Wherein, the meta node comprises two attributes:

ParentColName is metadata (being attribute) the row name of publication, finds in database table through this parentColName attribute and wants synchronous metadata.

ColName metadata row name, the field name of specifying synchronizing metadata to store.It is the field name in the chapter storehouse.

The attribute of the attribute of document and the said publication of document has been stored in the Library, these attributes directly stored under the colName field in chapter storehouse, thus the attribute of the attribute of realization association store segment data, ownership document properties, ownership publication.

Preferably, also comprise: for segment data, document, publication are created storaging mark respectively, in related ground record attribute, storaging mark, the storaging mark of document and the storaging mark of publication of related ground recorded piece data.

Storaging mark can be through contingency table the form record, referring to table 1:

Table 1 is preserved the contingency table of incidence relation between the resource

At table 1, the incidence relation between segment data, publication, the document can be through the contingency table storage, and for example: Root Resource ID is the storaging mark of publication, and the source resource ID is the storaging mark of document, and target resource ID is the storaging mark of segment data.Write down shut sequence and incidence relation number simultaneously,, can find the memory location of each segment data, related document, related publication through the incidence relation between these signs in the table 1.

Step S23: the keyword of in attribute data, searching reception.

Step S24: the attribute data that feedback search is arrived related segment data, show the access links of the document or the publication of segment data association simultaneously.

The storaging mark that in access links, comprises publication or document.

Step S25: receive the access links of selecting, show corresponding document or publication.

Owing to have storaging mark in the access links, call and show respective document or publication according to storaging mark.

Through the step among the embodiment two, can find relevant segment data fast according to the keyword that receives, through the storaging mark of association, can further find relevant document or the segment data in the publication.

Preferably, also can in advance the segment data in the document be replaced with placeholder, and in placeholder the sign of storage segment data, for example: placeholder is with " PAMCMS: // " beginning; After connect 4 identifiers by CSV, as shown in table 2, be respectively id, type; Lib, res, i.e.
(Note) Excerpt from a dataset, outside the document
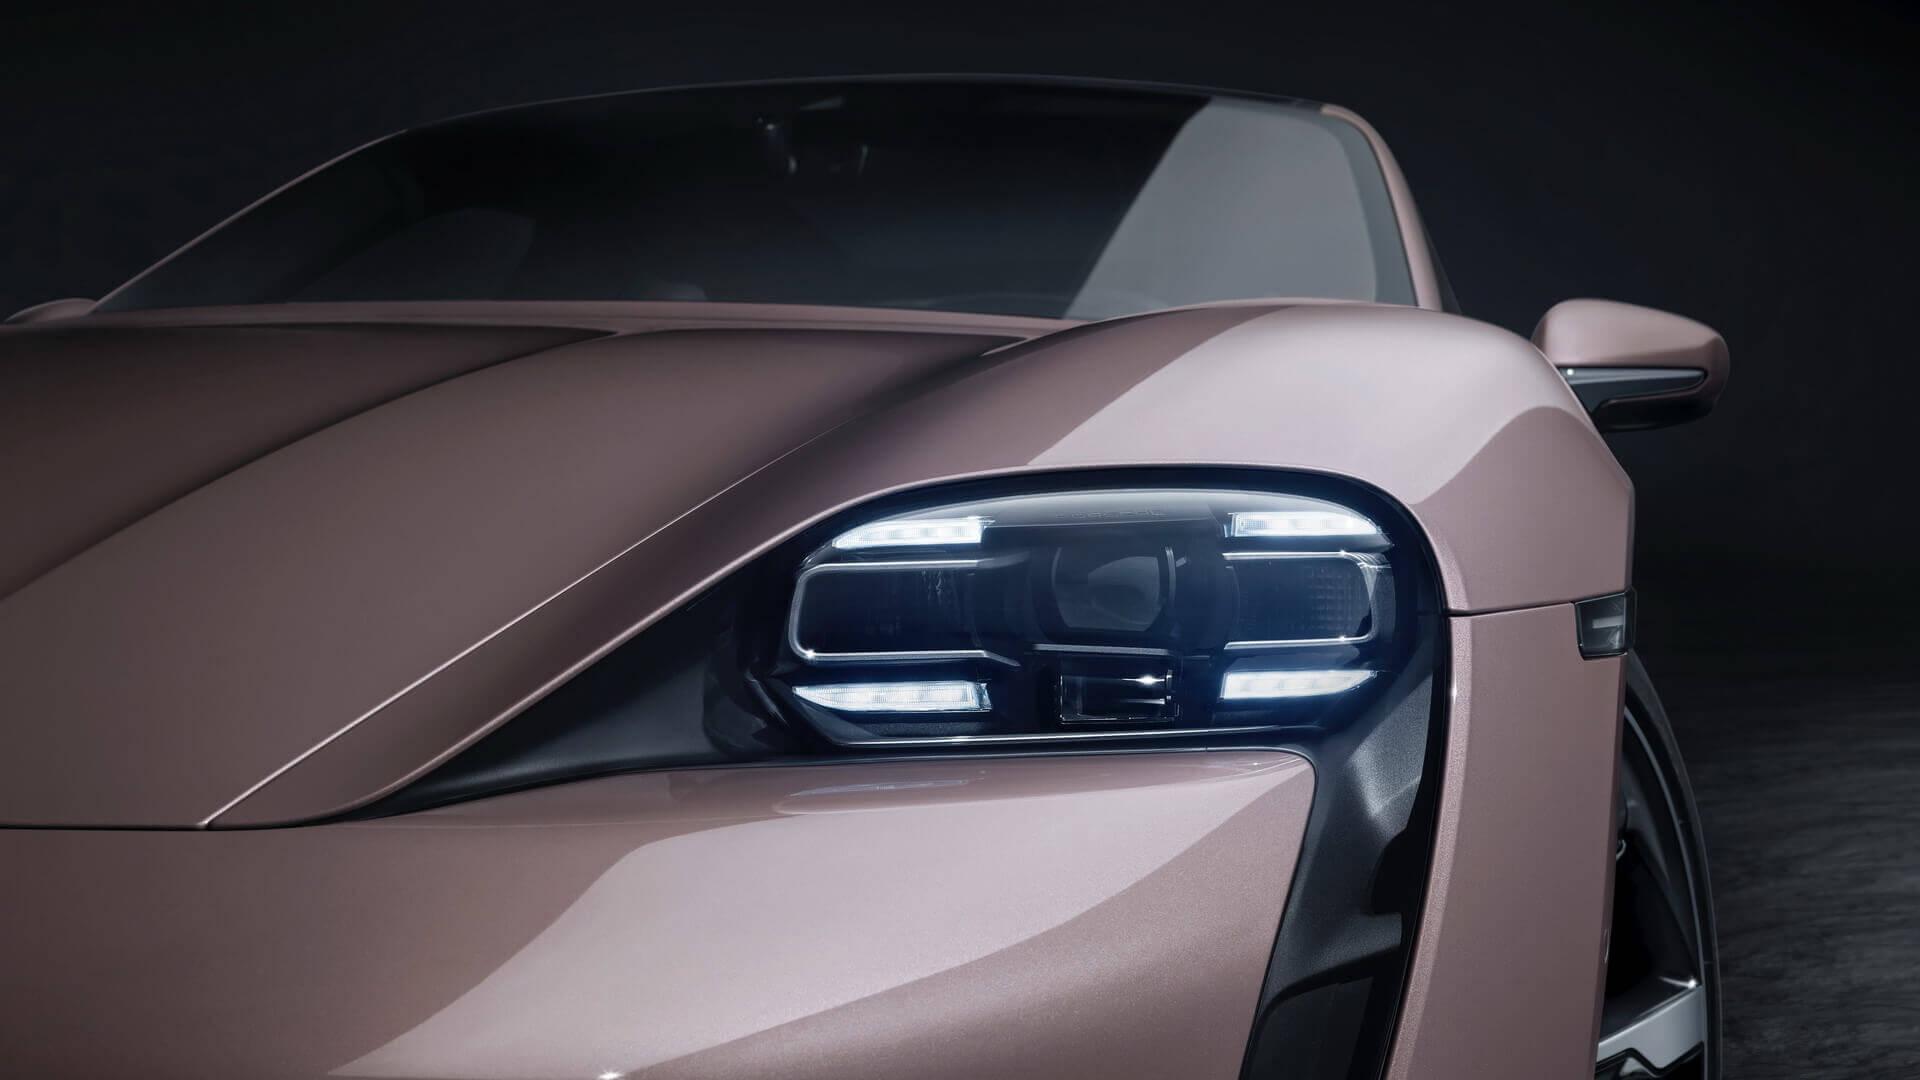 Дизайн экстерьера Taycan с наследственными чертами Porsche

PAMCMS: //id; Type, lib, res

The concrete implication of 2:4 identifier of table

Title	Implication
		id	Quote the unique identifier of segment data
type	Quote resource type, can expand as required;
		lib	The location identifier of segment data is quoted in expression
res	Reserved identifier

In above-mentioned step S25, visit said document or publication according to said access links, through the storaging mark in the placeholder, extract segment data and demonstration.

Specified two embodiment of the present invention above, method of the present invention can adopt the form of module to be integrated in the electronic circuit, provides preferred embodiment three below, and specifies through the structural drawing of Fig. 4.Apparatus structure block diagram referring among Fig. 4 comprises:

Extraction module 41 is used for extracting the segment data of document;

Logging modle 42 is used for the segment data according to extraction module 41 extractions, writes down the attribute of the publication that attribute and said document belonged to of the attribute of said segment data, said document explicitly.
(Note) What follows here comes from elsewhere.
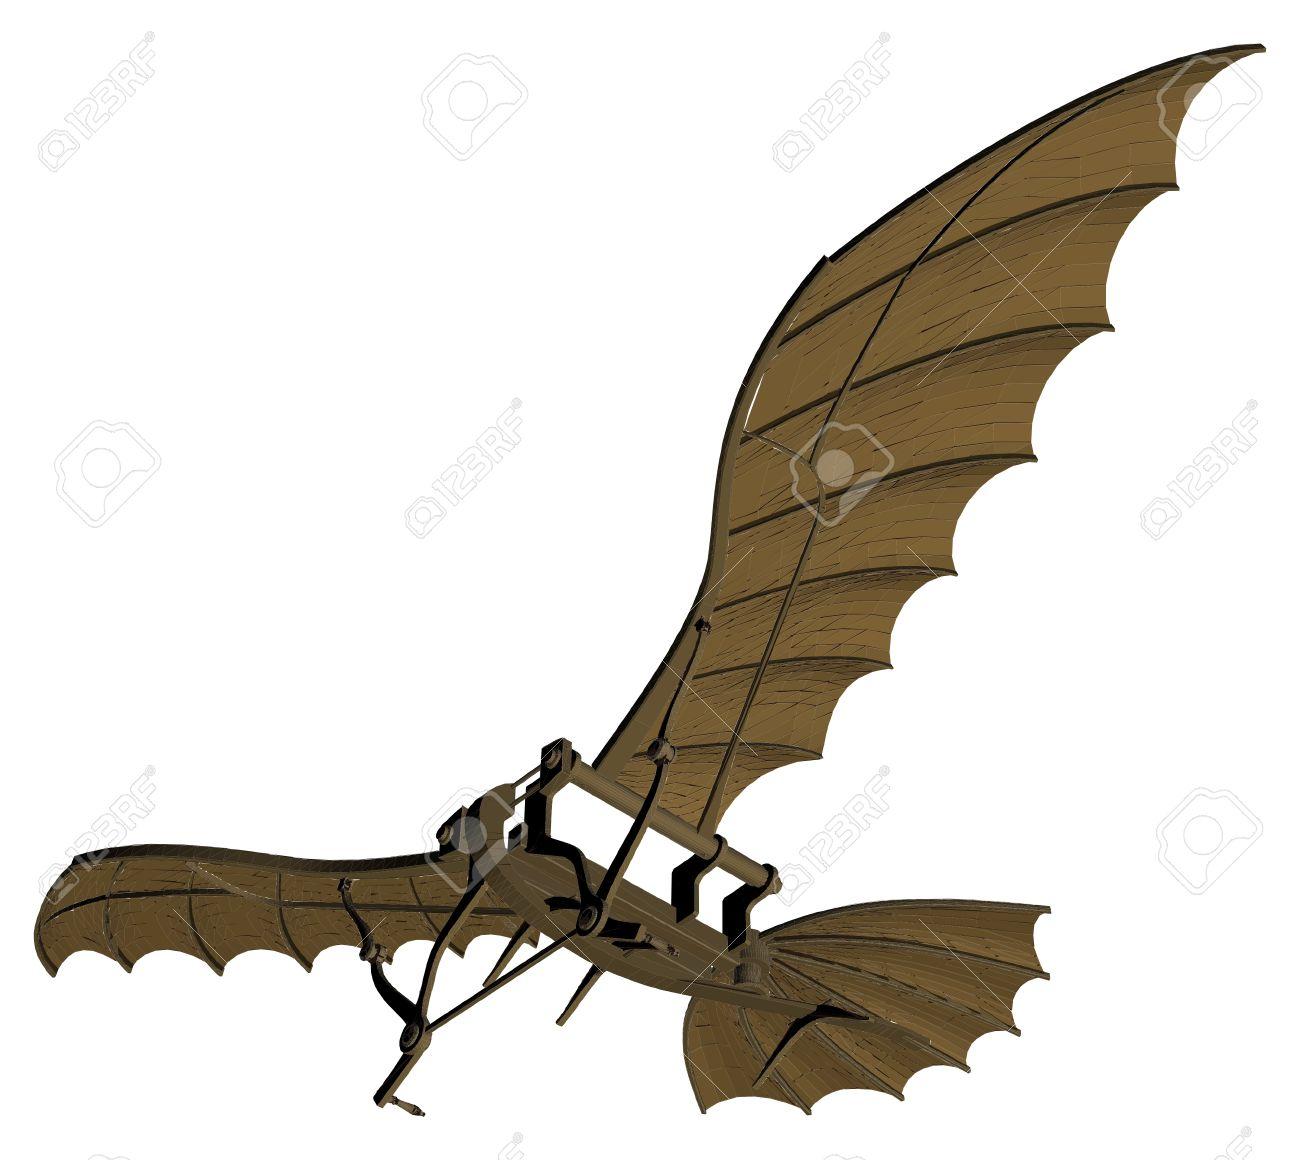 Flying Machine Based On The Leonardo da Vinci Antique Light Hang Glider Vector - 46909212

Preferably, also comprise:

Search module 43, be used for searching received keyword from the attribute of said logging modle 42 records;

Feedback module 44, be used for feeding back said search attribute that module 43 finds in logging modle 42 related segment data.

Preferably, also comprise:

Identification module 45 is used for said segment data, said document and said publication are stored respectively, and generates storaging mark respectively;

Identification record module 46; Be used for when logging modle 42 writes down said attribute relatedly said storaging mark, the said storaging mark of said document and the said storaging mark of said publication of the said segment data that related ground record identification module 45 generates.
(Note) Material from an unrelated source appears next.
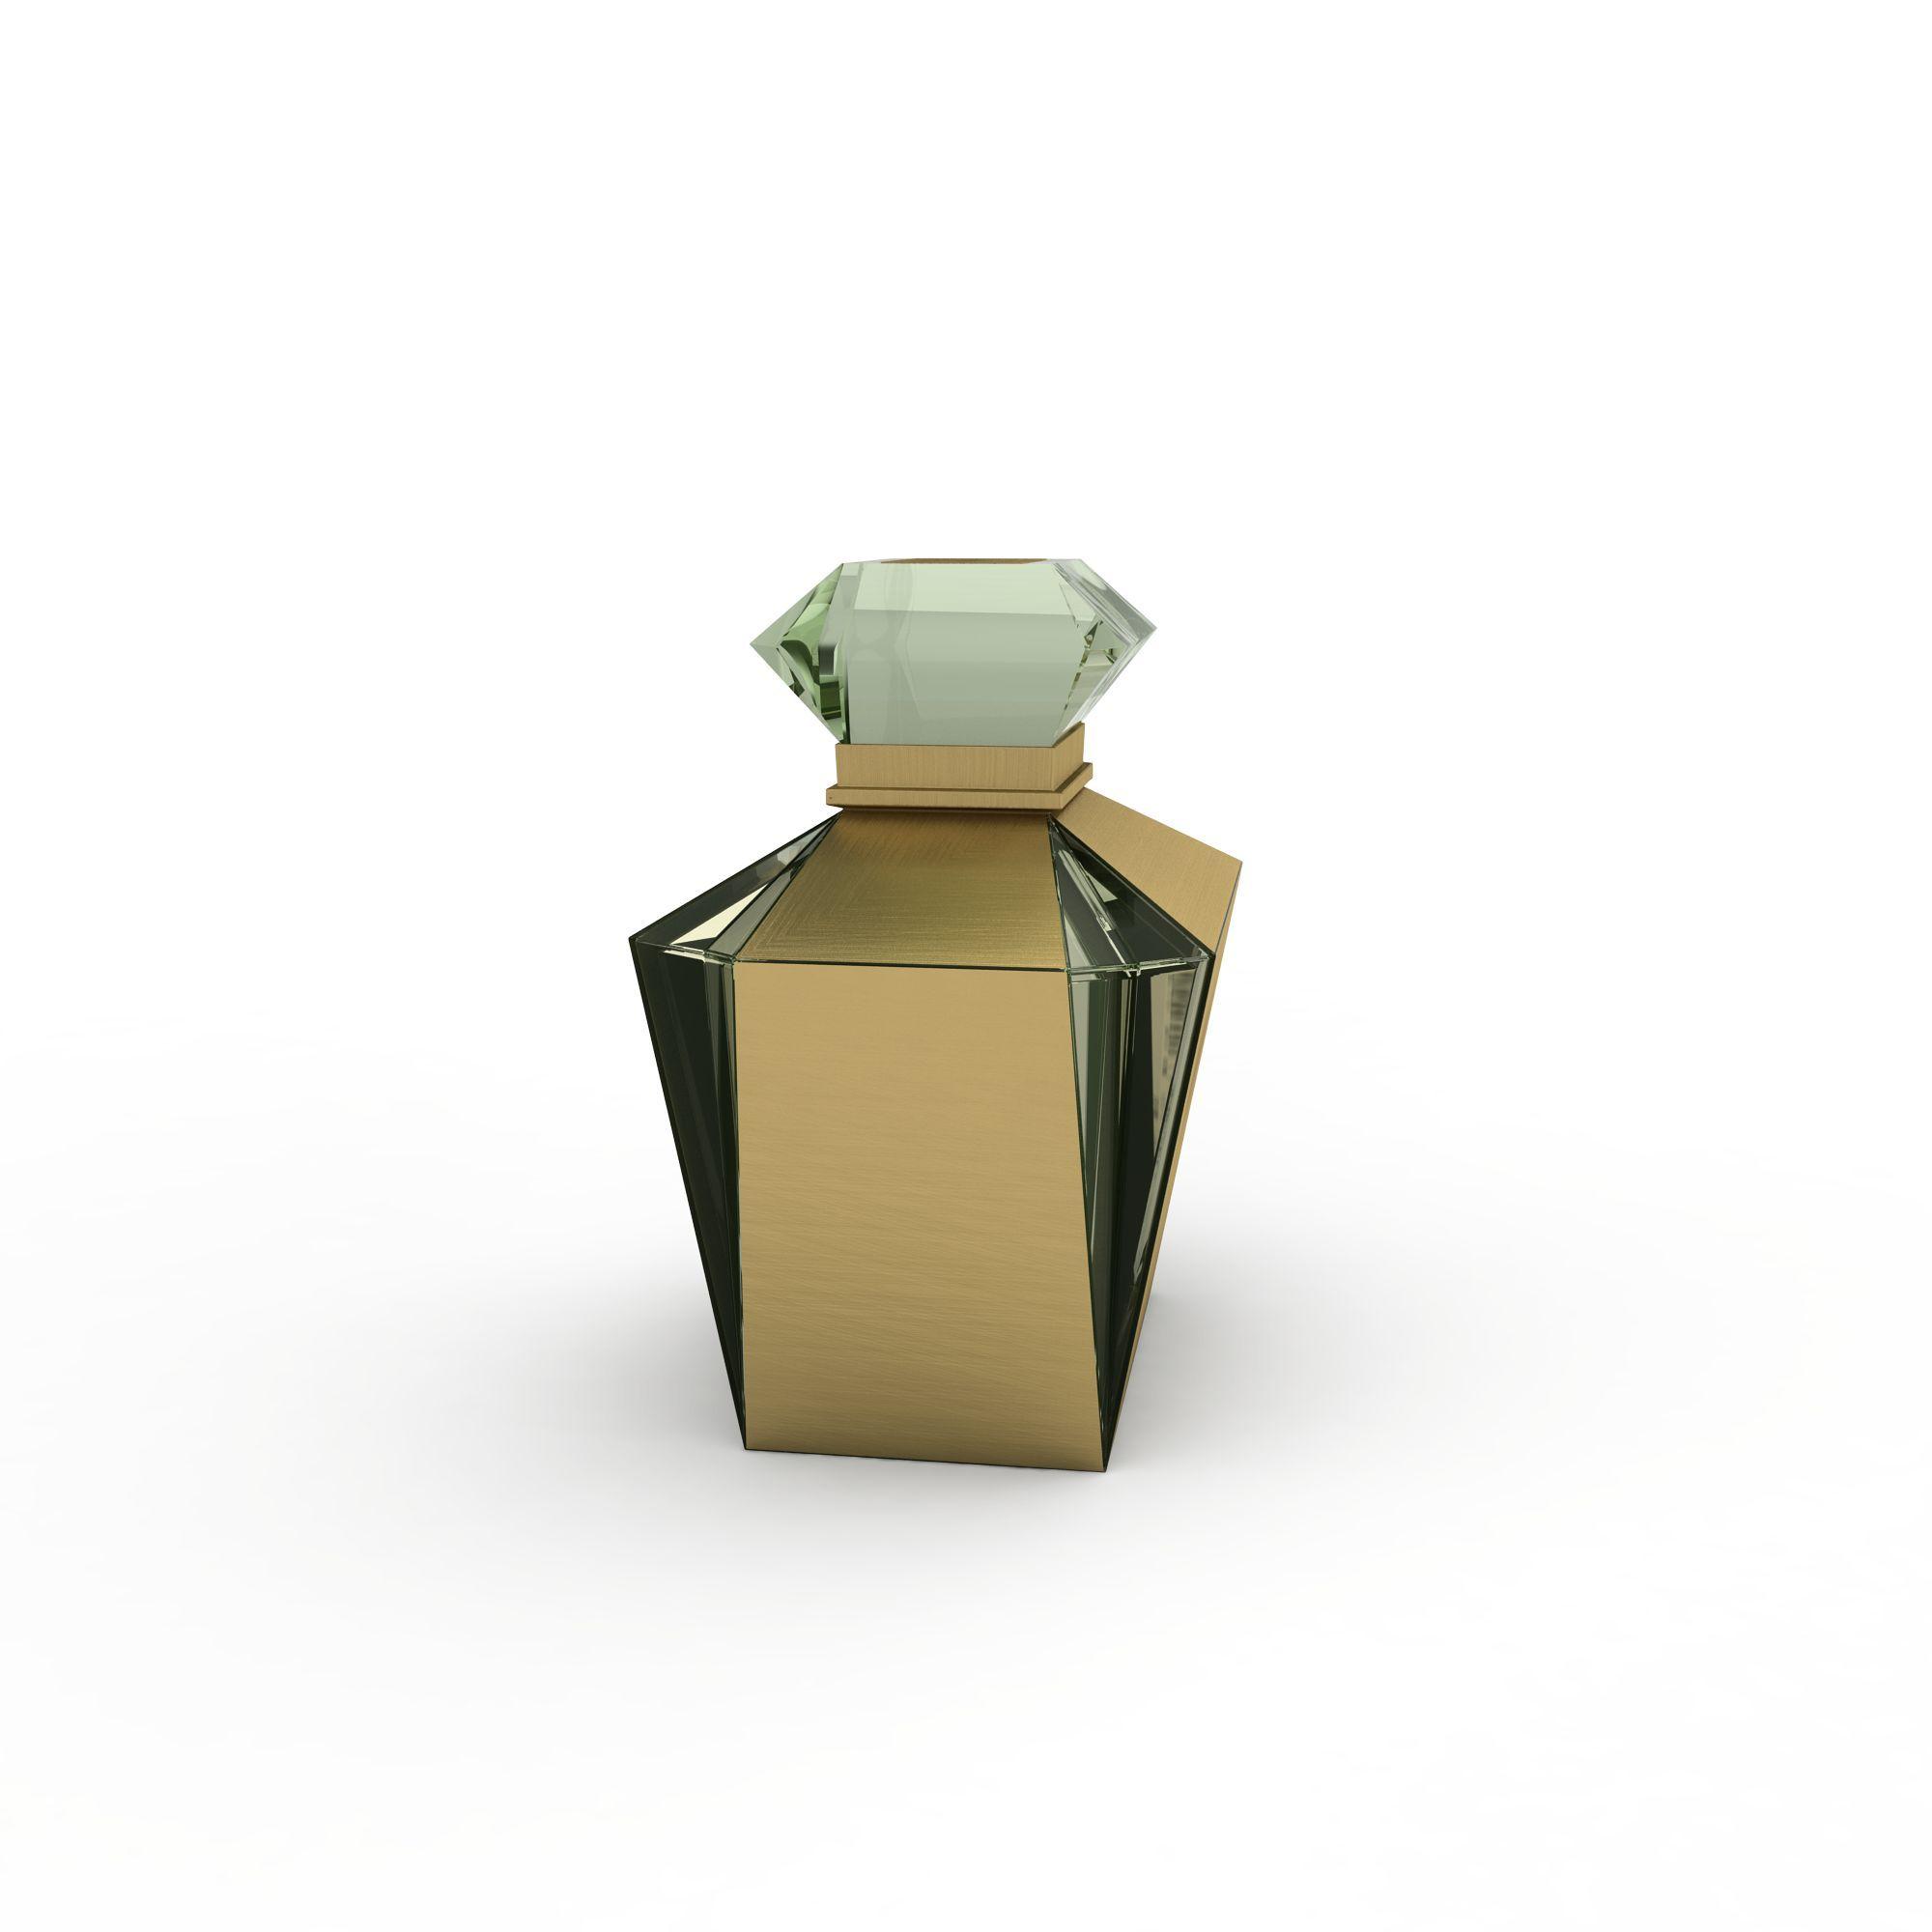 器皿 香水瓶3d模型 香水瓶png高清图  香水瓶高清图详情 设计师 3d

Preferably, also comprise:

Link feedback module 47; When being used for feedback module 44 feedback segment data; Storaging mark through identification record module 46 records feeds back the said document of said segment data association or the access links of said publication, in said link, adds storaging mark.

Obviously; It is apparent to those skilled in the art that above-mentioned each module of the present invention or each step can realize that they can concentrate on the single calculation element with the general calculation device; Perhaps be distributed on the network that a plurality of calculation element forms; Alternatively, they can be realized with the executable program code of calculation element, carried out by calculation element thereby can they be stored in the memory storage; Perhaps they are made into each integrated circuit modules respectively, perhaps a plurality of modules in them or step are made into the single integrated circuit module and realize.Like this, the present invention is not restricted to any specific hardware and software combination.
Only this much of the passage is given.